# Work order
The pictures are to be left out when the listing below is reproduced word for word.

# Dataset content
+ + + + + + +

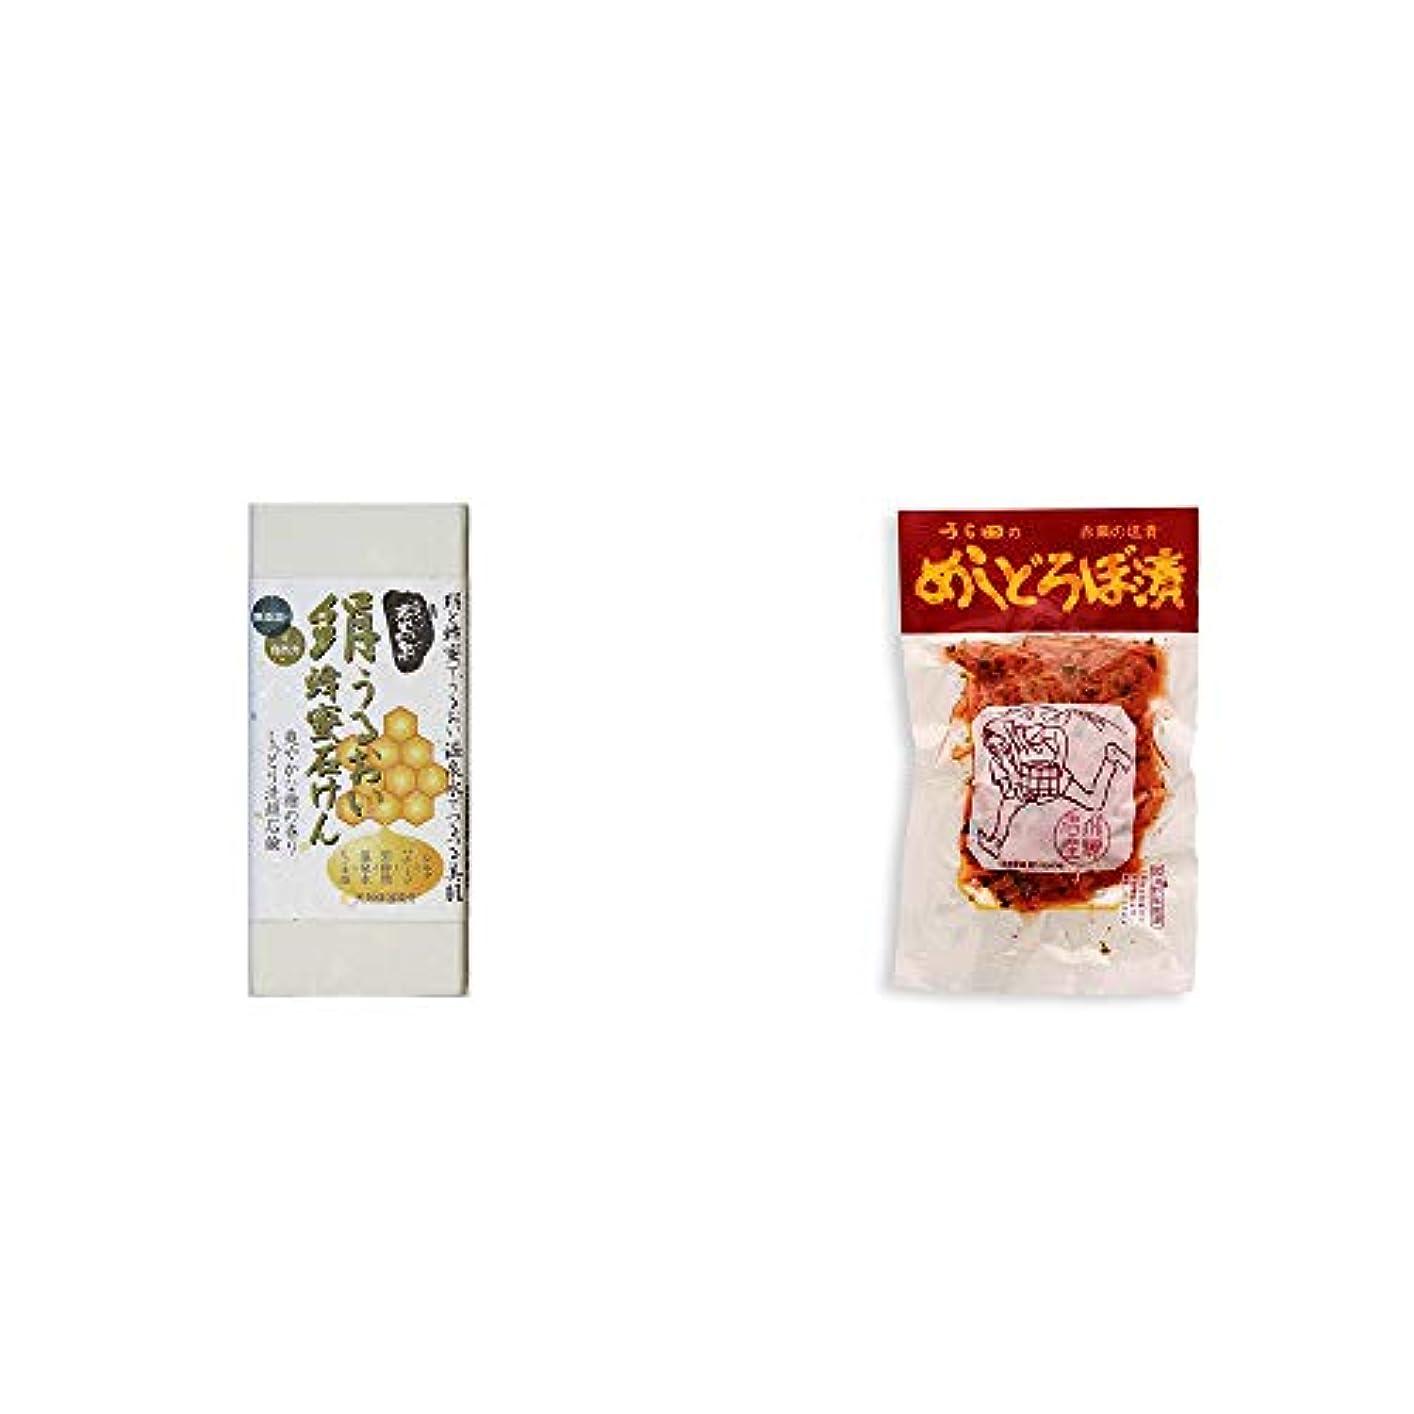 新しさ資料結晶[2点セット] ひのき炭黒泉 絹うるおい蜂蜜石けん(75g×2)?うら田 めしどろぼ漬(180g)
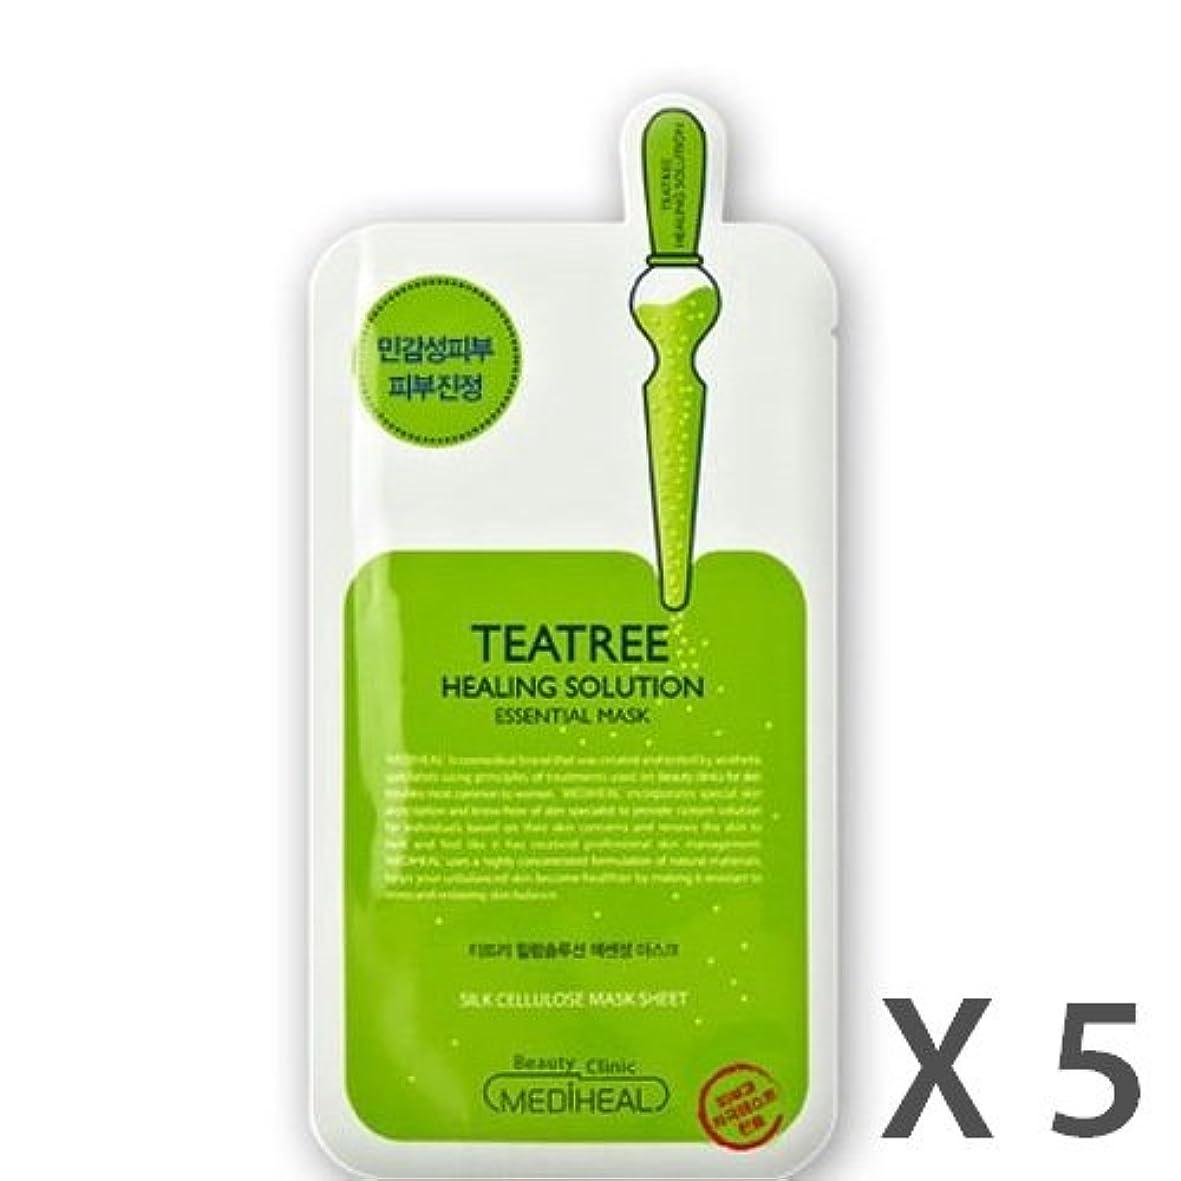 市場変換する器具MEDIHEAL Tea Tree Healing Solution Essential Mask 5ea /メディヒール ティー ツリー ヒーリングソリューションエッセンシャルマスク 5ea [並行輸入品]
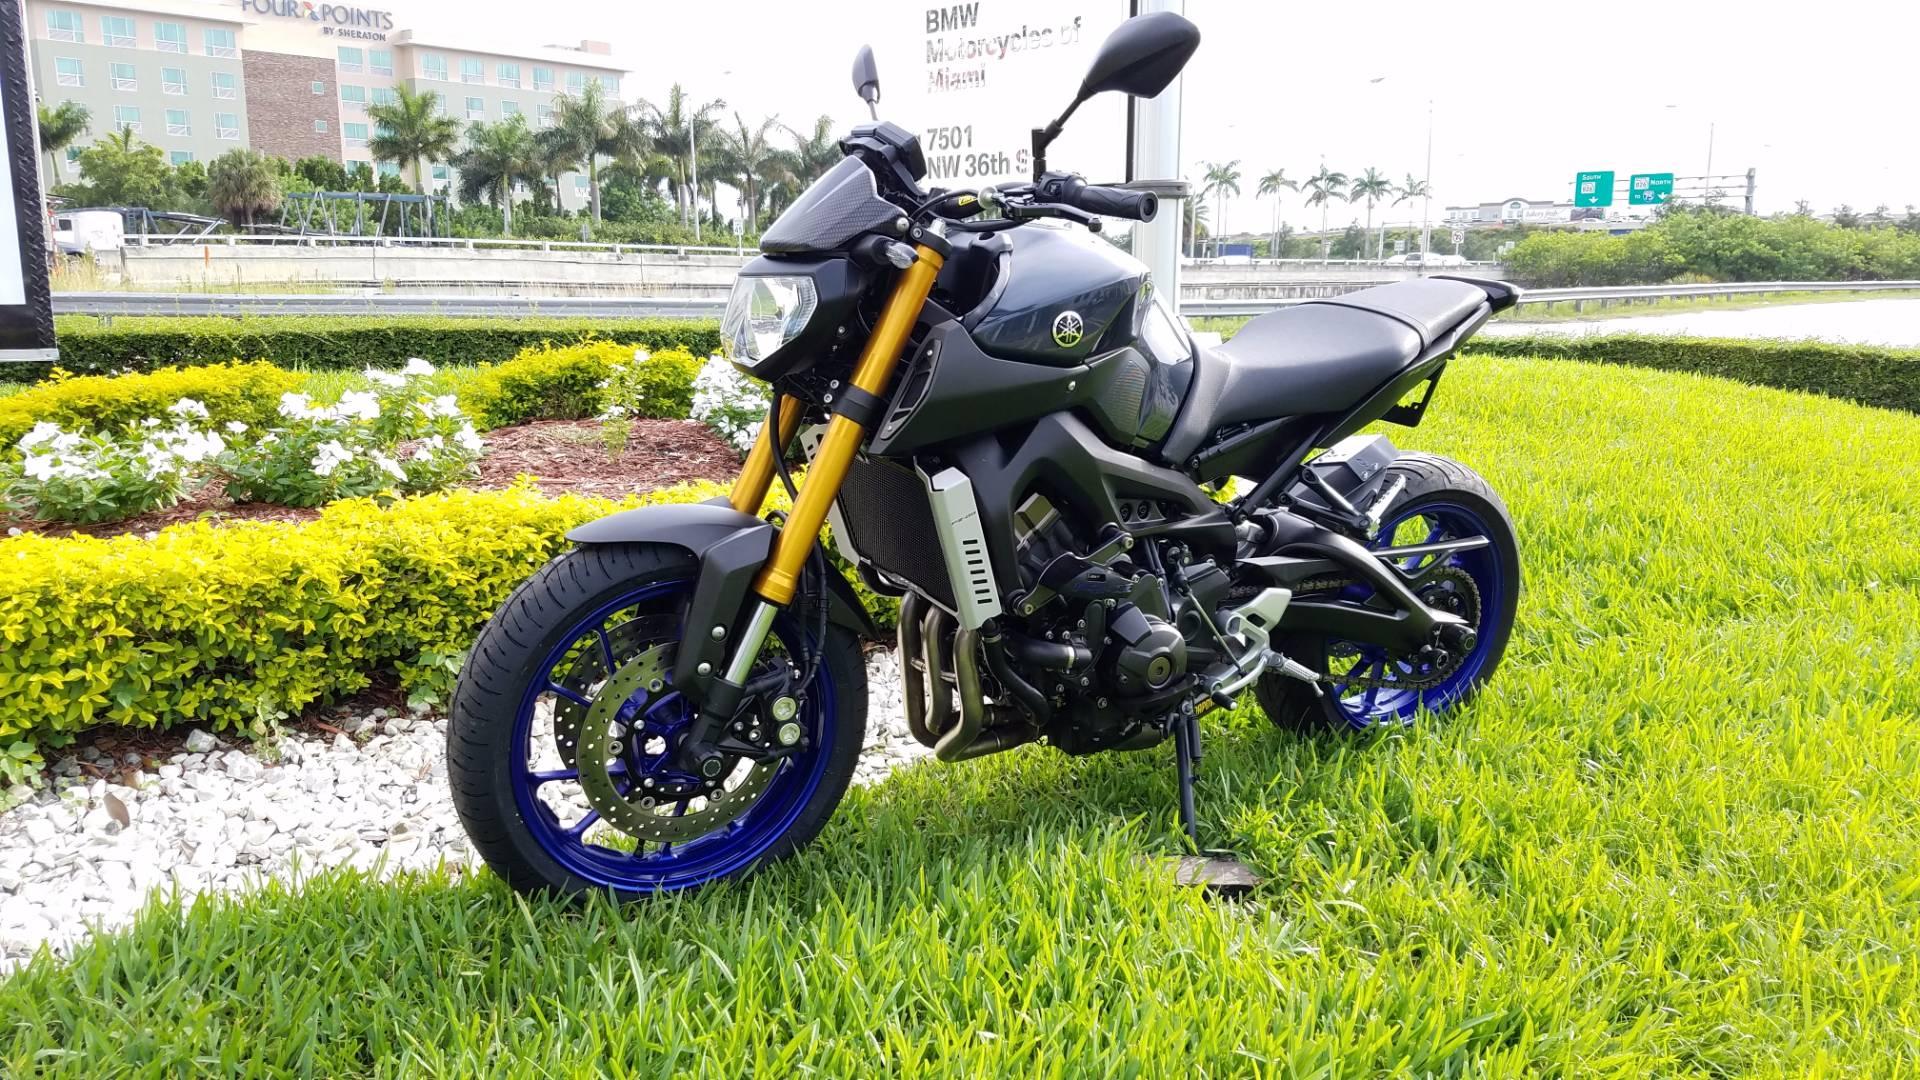 2014 Yamaha FZ-09 4

+ + + + + + +

# Task solution
 新しさ資料結晶[2点セット] ひのき炭黒泉 絹うるおい蜂蜜石けん(75g×2)?うら田 めしどろぼ漬(180g)
 市場変換する器具MEDIHEAL Tea Tree Healing Solution Essential Mask 5ea /メディヒール ティー ツリー ヒーリングソリューションエッセンシャルマスク 5ea [並行輸入品]
 2014 Yamaha FZ-09 4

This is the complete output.